Ukraine remembers Stalin-era famine as Russia war rages

'Once they wanted to destroy us with hunger, now – with darkness and cold', says Zelenskiy


Reuters November 26, 2022
Children place ears of wheat as they visit a monument to Holodomor victims during a commemoration ceremony marking the 87th anniversary of the famine of 1932-33, in which millions died of hunger, in Kyiv, Ukraine November 28, 2020. PHOTO: REUTERS

KYIV:

Ukraine accused the Kremlin on Saturday of reviving the "genocidal" tactics of Josef Stalin as Kyiv commemorated a Soviet-era famine that killed millions of Ukrainians in the winter of 1932-33.

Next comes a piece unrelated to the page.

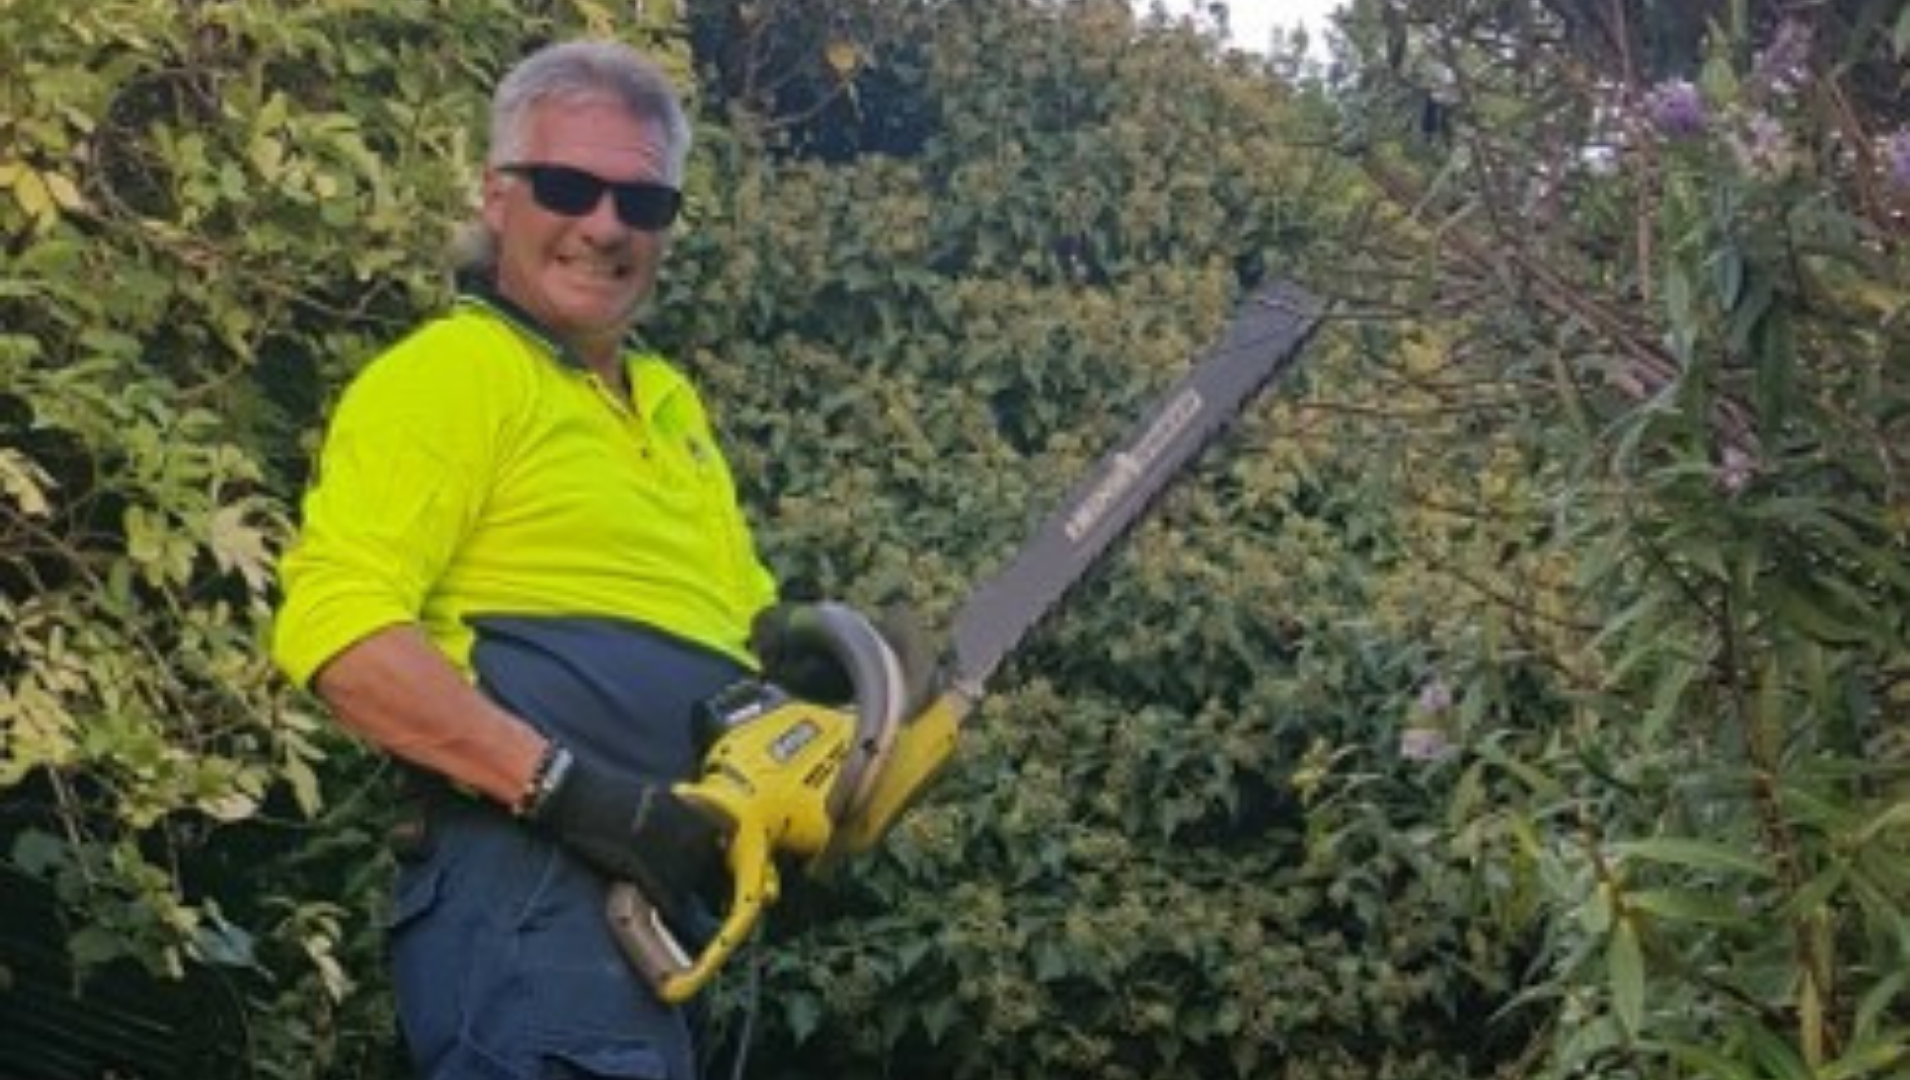 Wayne standing in front of an overgrown tree, in his hi-vis uniform, holding a chainsaw and smiling

The remembrance day for the "Holodomor" comes as Ukraine is battling to repel invading Russian forces and deal with sweeping blackouts caused by air strikes that Kyiv says are aimed at breaking the public's fighting resolve.

"Once they wanted to destroy us with hunger, now – with darkness and cold," President Volodymyr Zelenskiy wrote on Telegram. "We cannot be broken."

The Holodomor, which roughly translates as "death by hunger," has taken on an increasingly central role in Ukrainian collective memory since the Maidan revolution in 2014 ousted a Russian-backed president and bolstered national consciousness.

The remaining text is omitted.